To most, Cecil Sudo might look like you’re your typical, giddy Canadian anime girl, but that first impression is quickly shot down once we learn that she is the youngest wizard defense attorney (called “Benmashi”) in history. And along with her talking familiar of a frog and colleagues who have no taste in fashion, she makes it her goal to do everything she can to save wizards from being wrongly accused.

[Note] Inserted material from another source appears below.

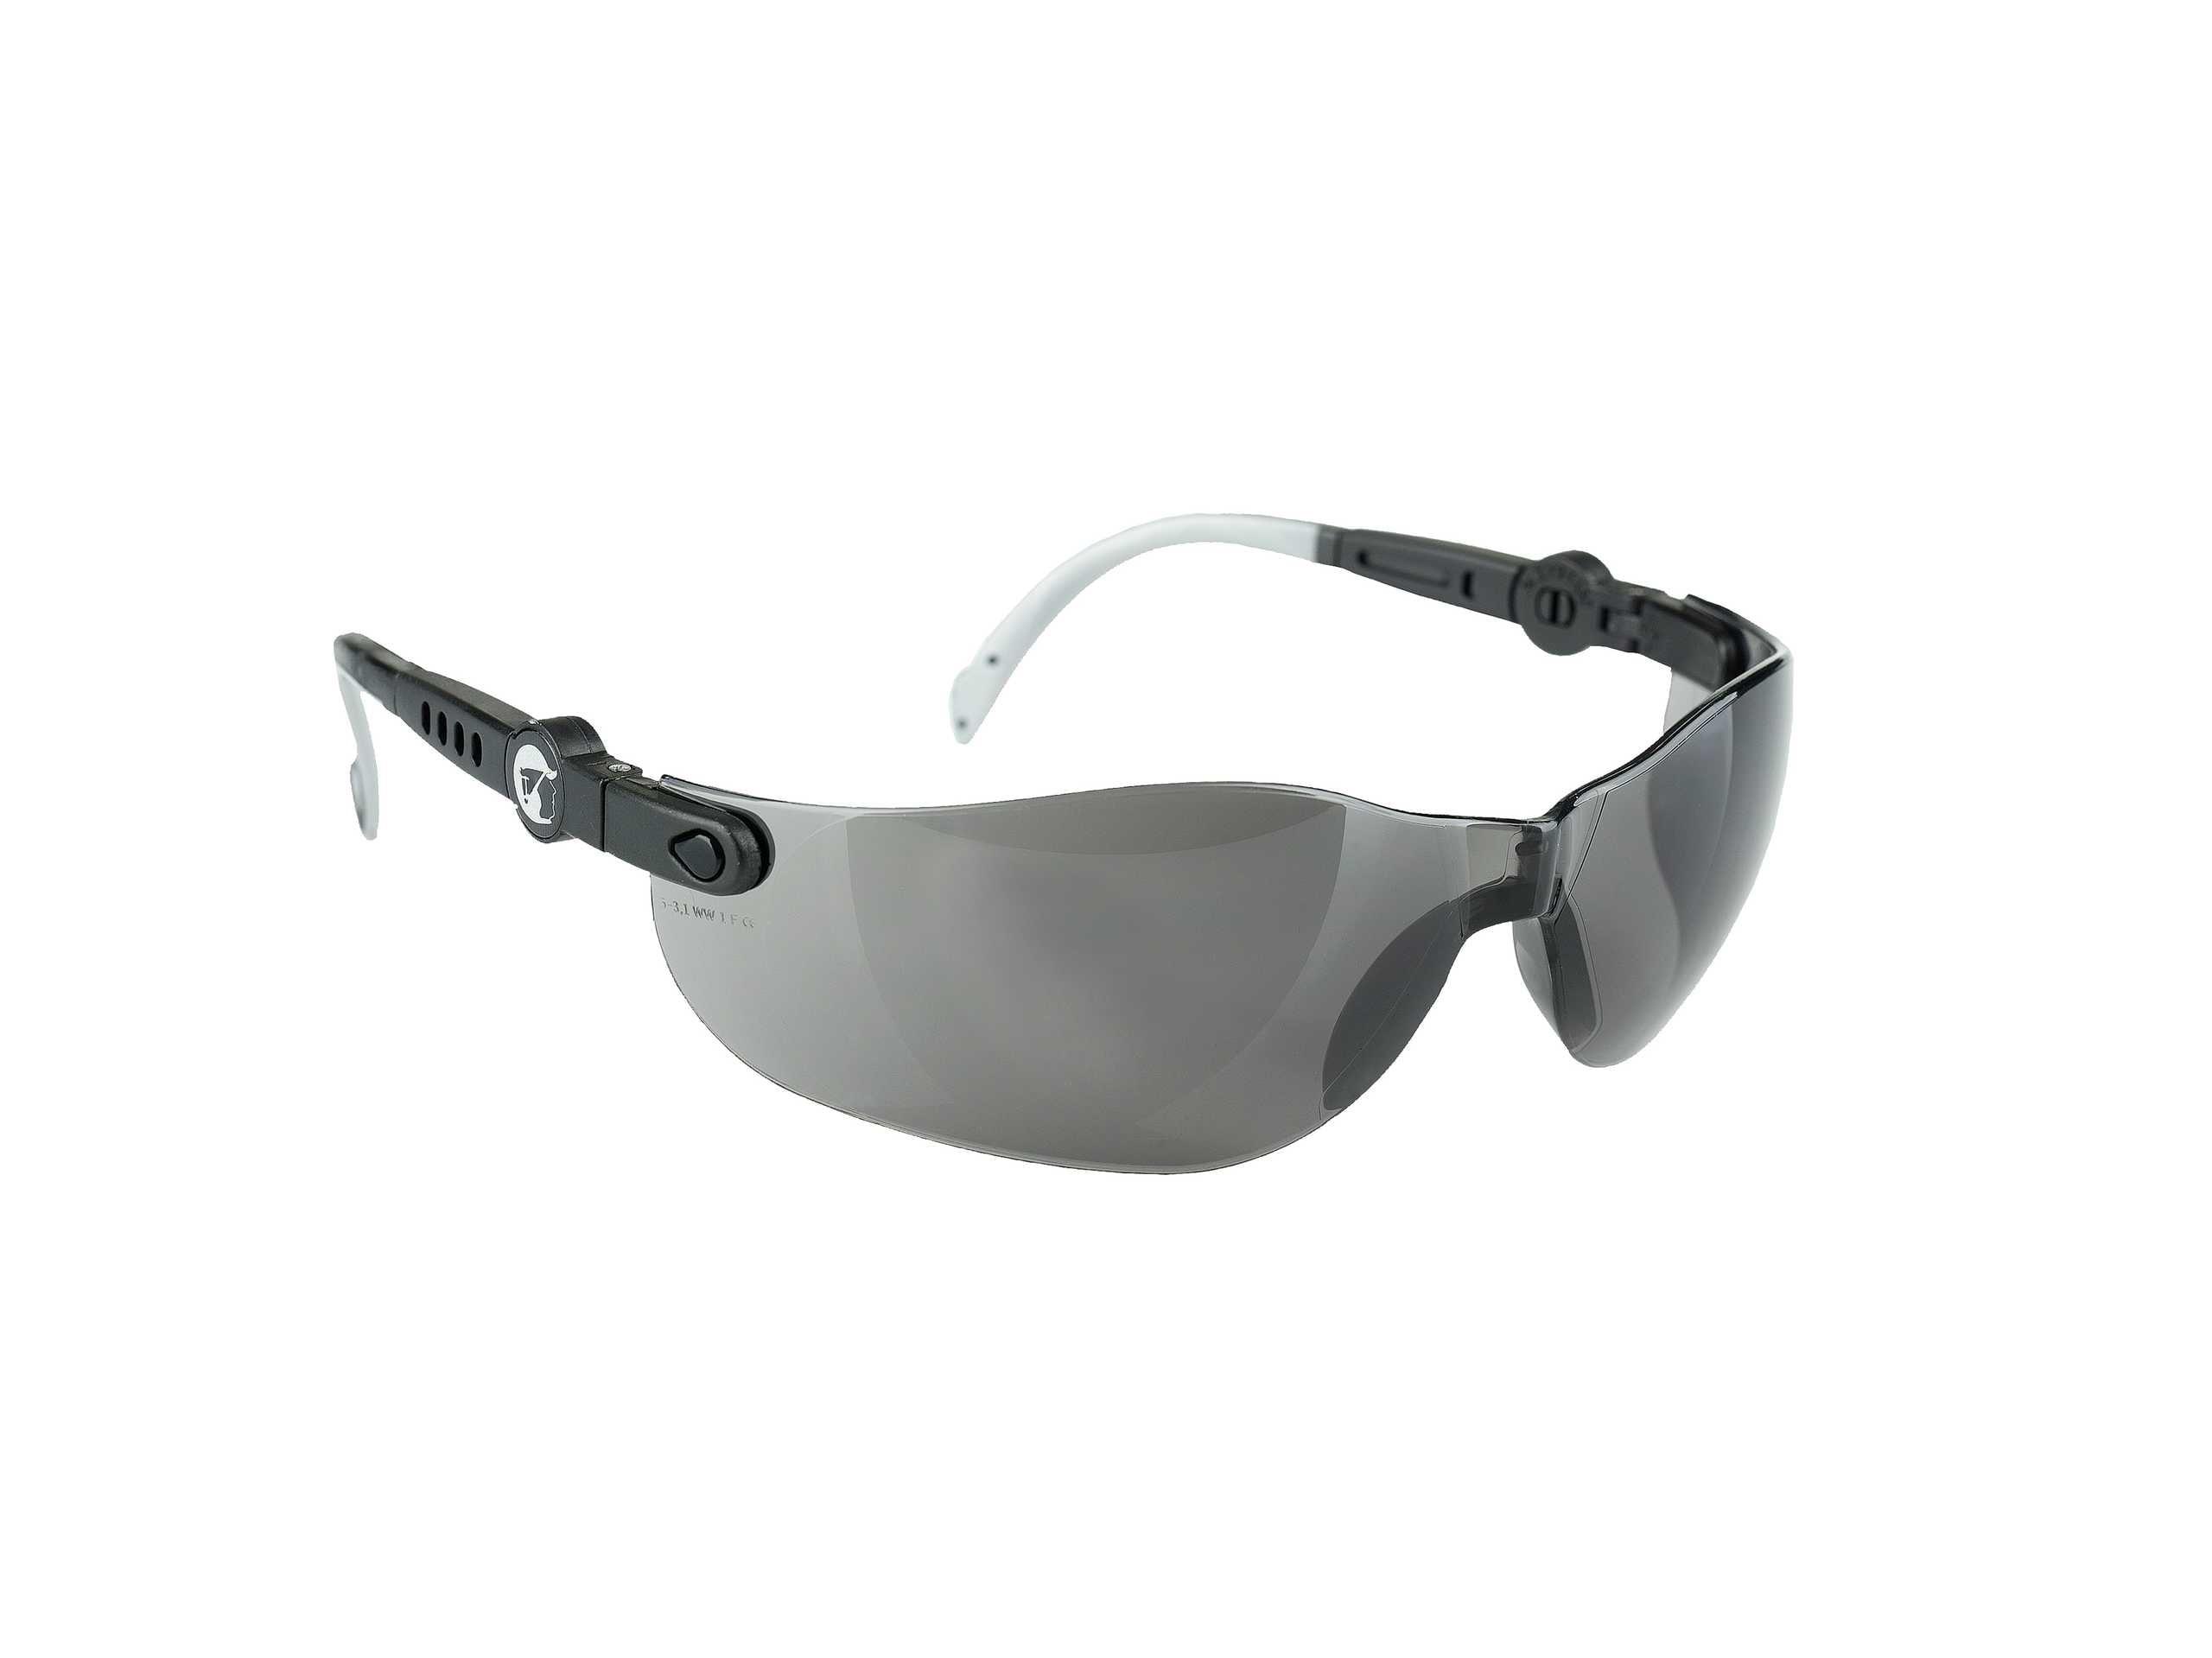 Pro justerbare kjørebriller

As I’ve mentioned before, I didn’t expect Wizard Barristers to be this good – or at least I didn’t expect myself to really enjoy it, since I don’t watch anime with wizards and usually avoid them like the plague. But because it’s 2014 and I want to try out new things (and this also includes genres of anime I haven’t seen yet), Wizard Barristers seemed like a decent anime to try out – you don’t see anime about attorneys being made every day. Plus, the art looked pretty neat and I was curious to see how it would look like in movement.

Wizard Barristers
However, the appreciation I had for the art slightly died out once I started the first episode. Getting a closer at the characters, I noticed the extremely round heads of some characters (such as the heroine’s), the way their eyes were made (again the heroine), and less seriously…their hairstyles (Hey there Cecil). The lack of volume in their hair –apart from Ms. Butterfly, kinda- troubled me since it did nothing but accentuate their round heads and made them look all the more difficult to look at without flinching from time to time.

Regarding the heroine’s design, I know that I’m not going to have an easy time getting used to her face. Her large, round eyes fill up most of her round face in a shoujo-esque way – and you would barely notice her lips if she didn’t talk- which are traits I still have a hard time adapting to most of the time, especially when the characters in the concerned work don’t share these same traits.

Wizard Barristers - 2

Regarding the story and where it wants to lead us, we’re not sure what the creators have in store for us. Will the story focus on the Cecil handling cases/helping her colleagues? On the discrimination against wizards? Or will it focus more on Cecil’s background? Since we weren’t given a clear direction as to what we’re going to see next, I’m a bit frustrated of being left in the dark (even if it is for a short period of time), yet also looking very forward to see what happens.

Also, Wakamoto playing a frog makes things so much better.